Assigned task: As an exercise, transcribe the data below in full and exactly, omitting pictures.
(Raw data begins)
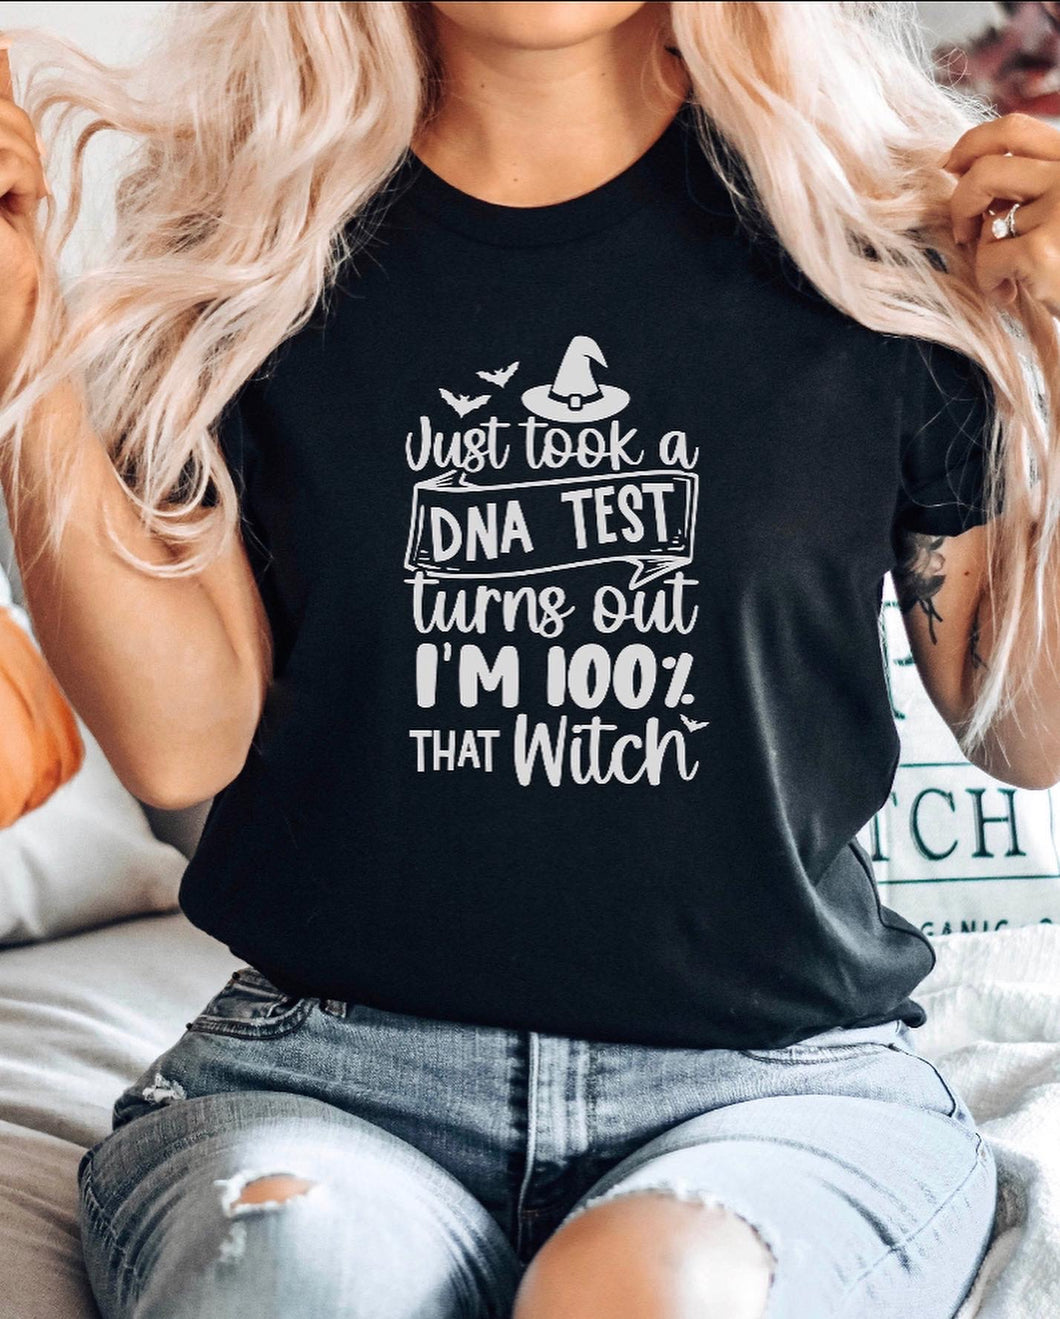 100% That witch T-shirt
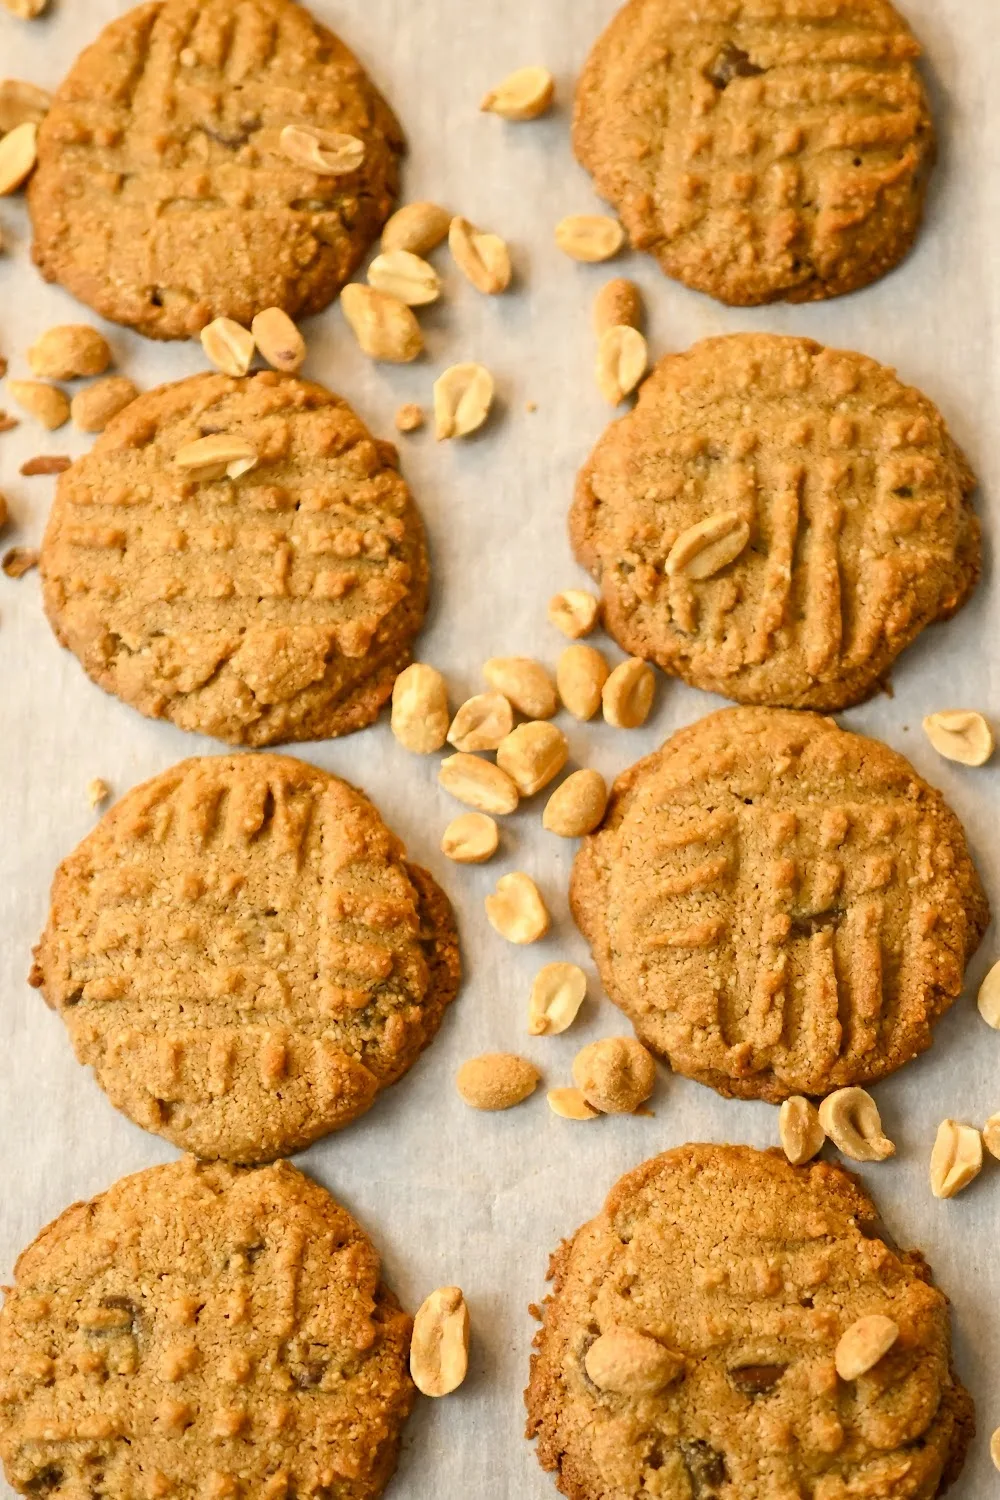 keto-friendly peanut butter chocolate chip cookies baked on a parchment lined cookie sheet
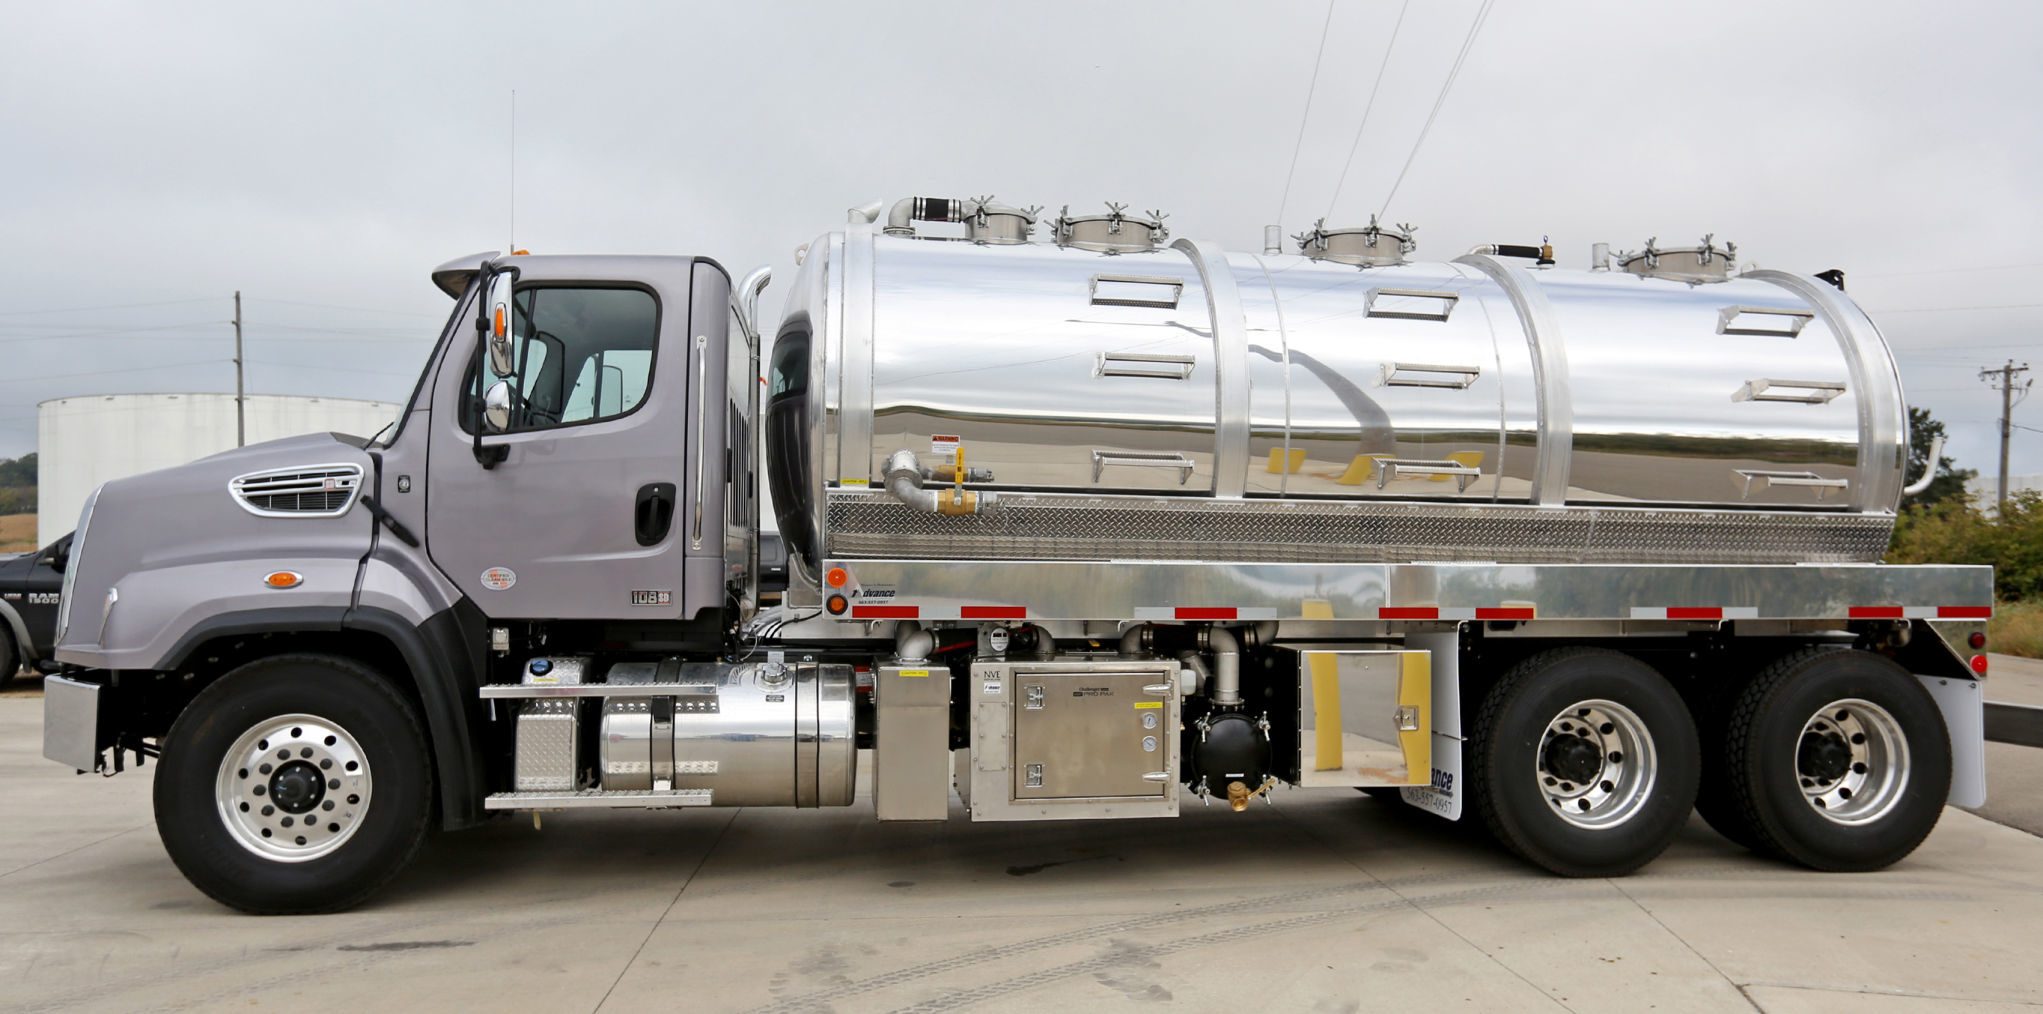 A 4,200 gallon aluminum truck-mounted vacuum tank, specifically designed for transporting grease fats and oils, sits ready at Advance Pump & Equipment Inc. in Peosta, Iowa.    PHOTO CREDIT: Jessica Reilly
(Raw data ends)
Answer for this exercise:
 100% That witch T-shirt
 keto-friendly peanut butter chocolate chip cookies baked on a parchment lined cookie sheet
 A 4,200 gallon aluminum truck-mounted vacuum tank, specifically designed for transporting grease fats and oils, sits ready at Advance Pump & Equipment Inc. in Peosta, Iowa.    PHOTO CREDIT: Jessica Reilly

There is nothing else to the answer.